Making Accessible Movies Easily: An Intelligent Tool for Authoring and Integrating Audio Descriptions to Movies

Ming Shen, Gang Huang, Yuxuan Wu, Shuyi Song, Sheng Zhou, Liangcheng Li, Zhi Yu, Wei Wang, Jiajun Bu · 2024 · Proceedings of the 21st International Web for All Conference (W4A) · doi:10.1145/3677846.3677855

Summary

This paper introduces EasyAD, an intelligent tool that automates the process of authoring and integrating audio descriptions (AD) into movies for blind and visually impaired (BVI) users. The traditional AD production workflow is highly labor-intensive, requiring authors to review entire films, identify speech gaps where descriptions can be inserted, write AD scripts that fit within those gaps, record voiceovers, and edit them into the movie. EasyAD streamlines this pipeline through five automated steps: pinpointing subtitle positions using frame selection, recognizing subtitles via Paddle OCR (based on CNNs and RNNs), detecting speech gaps by analyzing subtitle timing, generating AD scripts using a multimodal large language model, and converting scripts to speech using Paddle Speech for integration via FFmpeg. A key innovation is how EasyAD handles speech gap detection — rather than using speech-to-text transcription which often misidentifies background music as speech, EasyAD uses character recognition on on-screen subtitles, which is particularly effective for Chinese movies where subtitles are standard. For AD generation, EasyAD is the first tool to incorporate a multimodal large language model (Video-Chat) into the production pipeline, combining visual scene understanding with contextual dialogue information from subtitles to produce richer descriptions.
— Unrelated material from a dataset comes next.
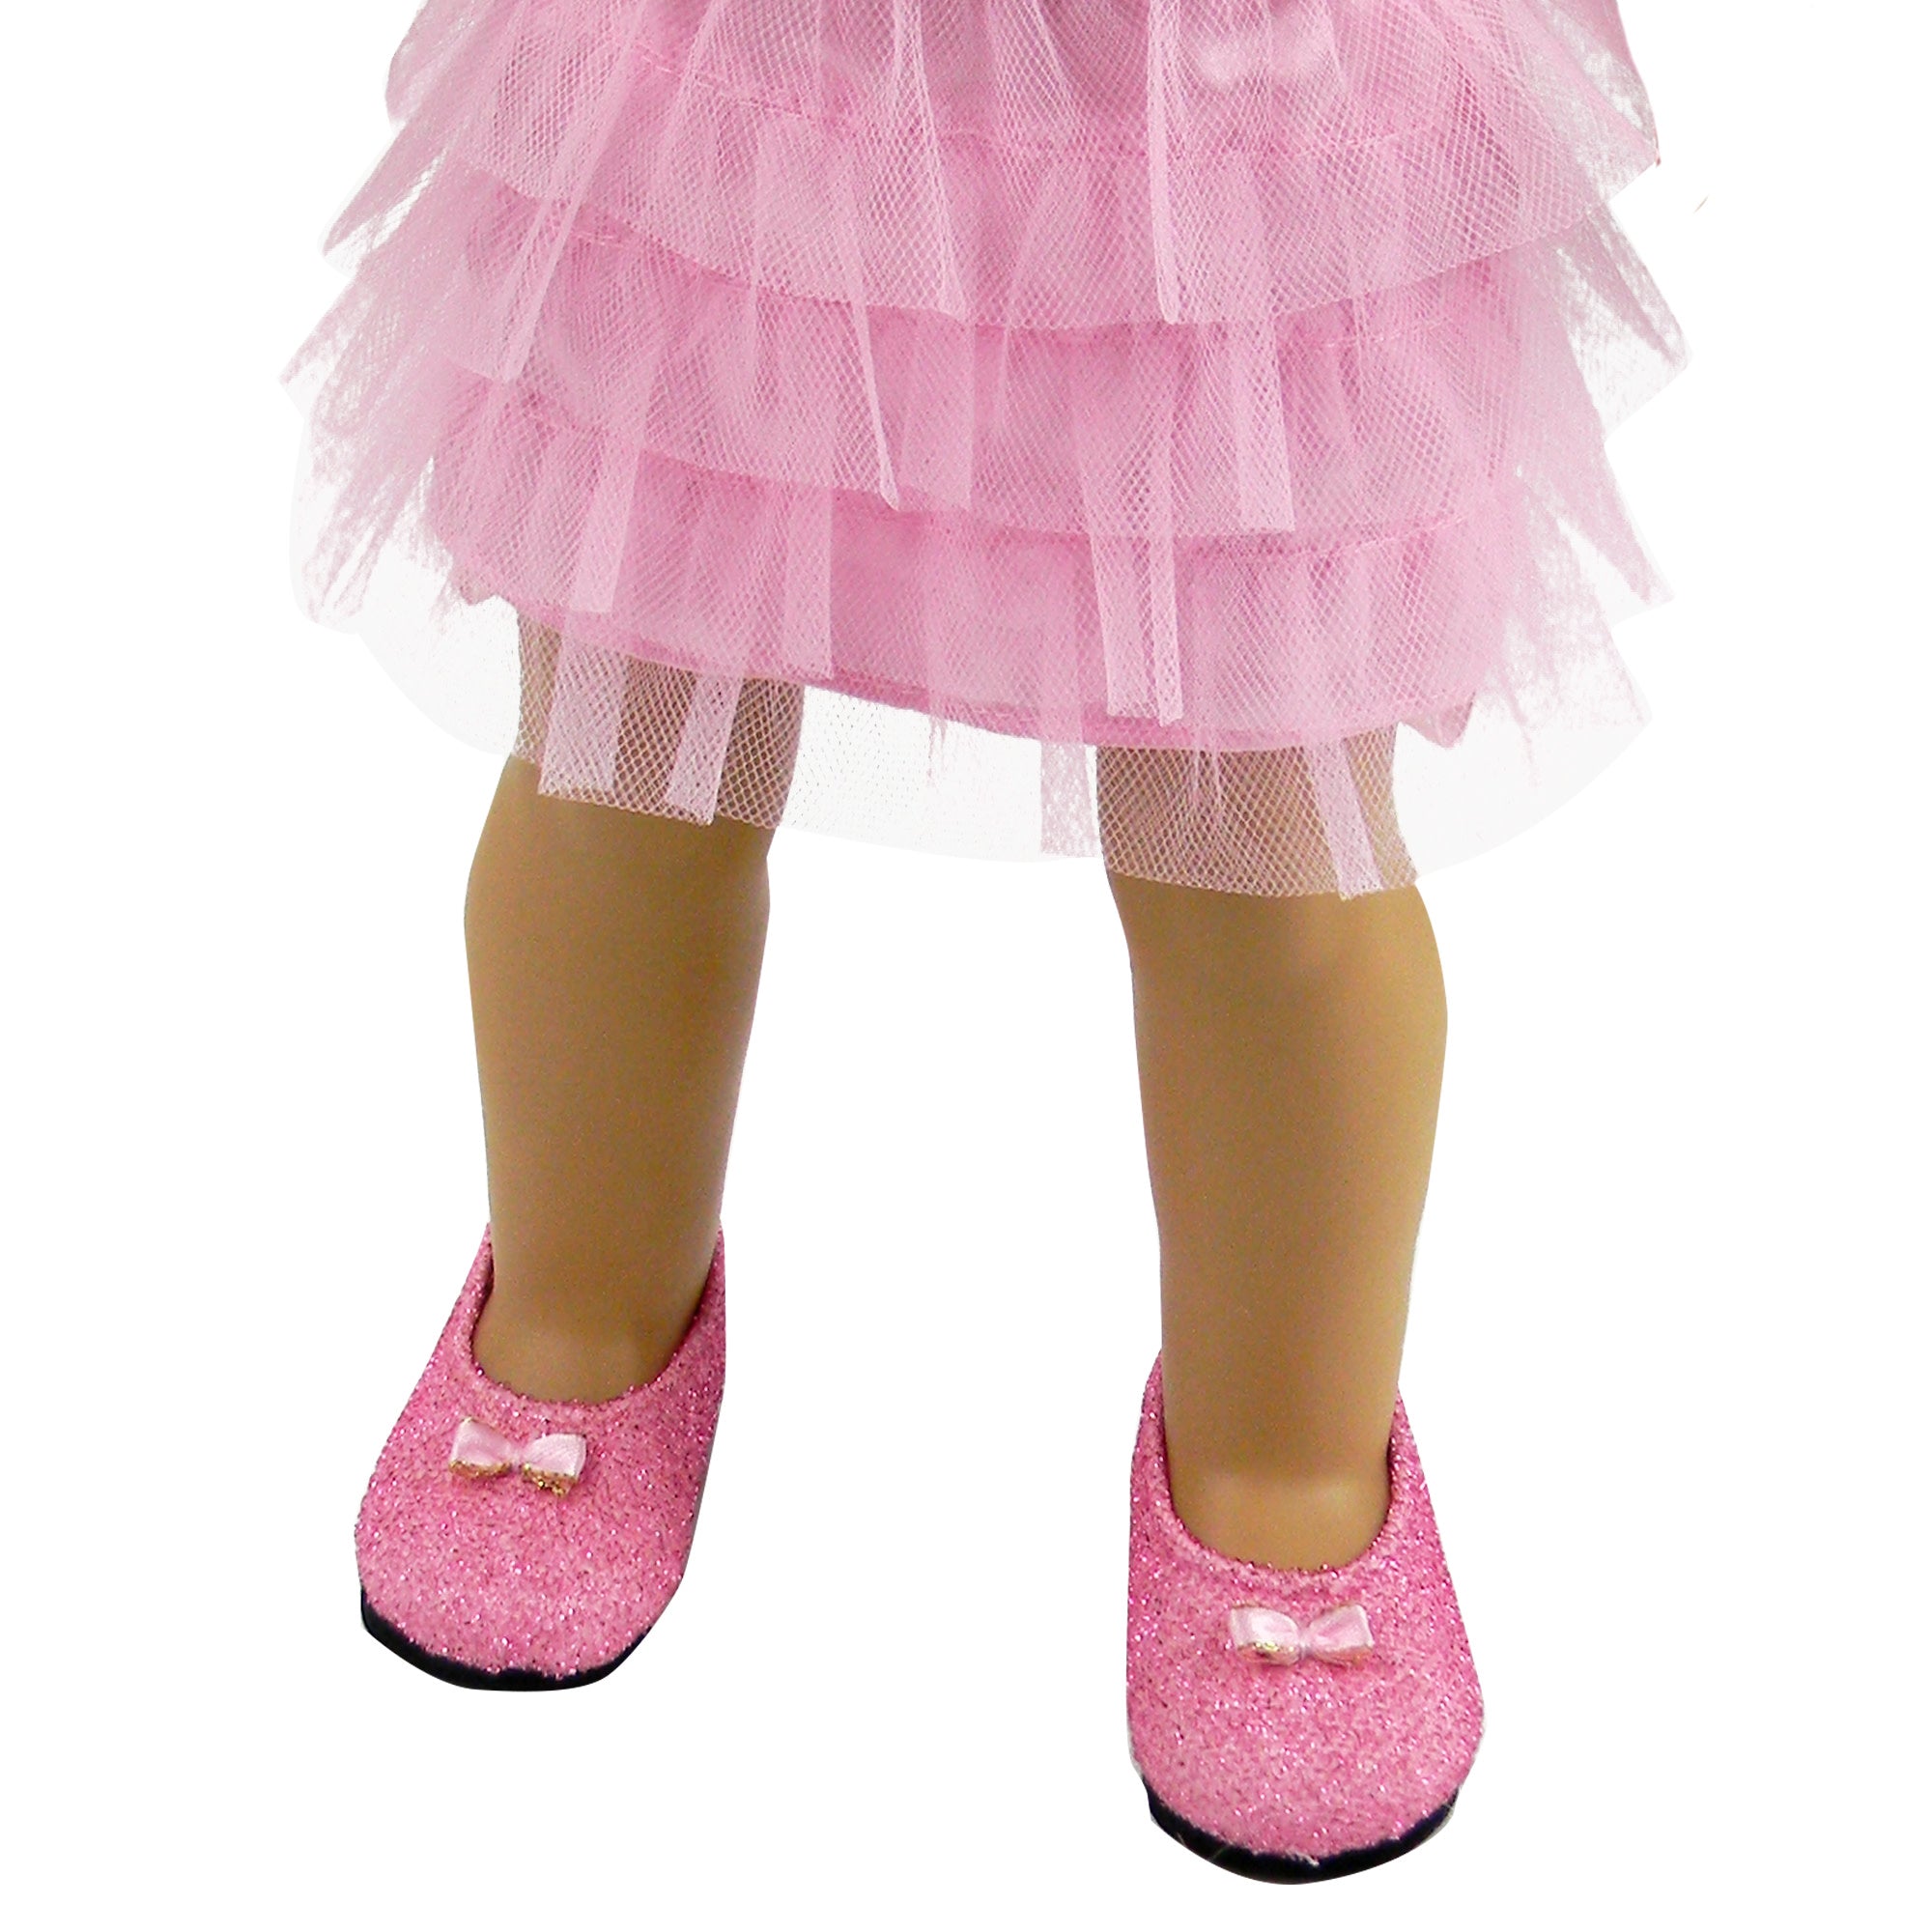 Sophia’s Pink Glitter Dress Shoes Accessory for 18" Dolls

The tool has been operational at the China Braille Library for three months and was built using PyQt5 for its interactive interface.

Key findings

A user study with six experienced AD authors from the China Braille Library (3+ years experience each) demonstrated that EasyAD reduced total processing time for a medium-difficulty movie by nearly 50%, from 32 hours to 16.3 hours. The most dramatic improvements came in speech gap detection (85% reduction, from 5 hours to 0.7 hours) and dubbing/integration (90% reduction, from 7 hours to 0.6 hours). AD authoring time decreased by 25%, from 20 hours to 15 hours. Participants reported that the AI-generated descriptions accurately captured important visual content and served as a strong starting point, though they noted that automatically generated AD may lack fine details like facial expressions. Authors appreciated that EasyAD gave them the option to publish directly without modifications when time is limited, enabling an accessible movie release within 3 hours. The tool addresses a significant gap in China, where the China Braille Library currently offers only 220 accessible movies despite nearly 20 million BVI individuals in the country, partly because existing tools lack Chinese language support and require expensive software like PremierePro or CapCut.

Relevance

This research demonstrates the practical impact of applying AI — particularly multimodal large language models — to accessibility content production at scale. The nearly 50% reduction in production time has real implications for the availability of accessible media, especially in regions where AD production infrastructure is limited. For accessibility practitioners, EasyAD illustrates a human-in-the-loop approach where AI handles the tedious mechanical tasks (gap detection, dubbing, integration) while authors retain creative control over the descriptive content. The subtitle-based approach to speech gap detection is a clever solution that avoids common pitfalls of audio analysis. However, the tool currently depends on on-screen subtitles, limiting its applicability to films without them. Future work aims to add speech transcription for unsubtitled content and multilingual support. The Web Content Accessibility Guidelines recommend AD for all online video, making tools that reduce production barriers directly relevant to WCAG compliance efforts.

Tags: audio description · blind and low vision · media accessibility · multimodal AI · speech synthesis · video accessibility · content creation

Standards referenced: WCAG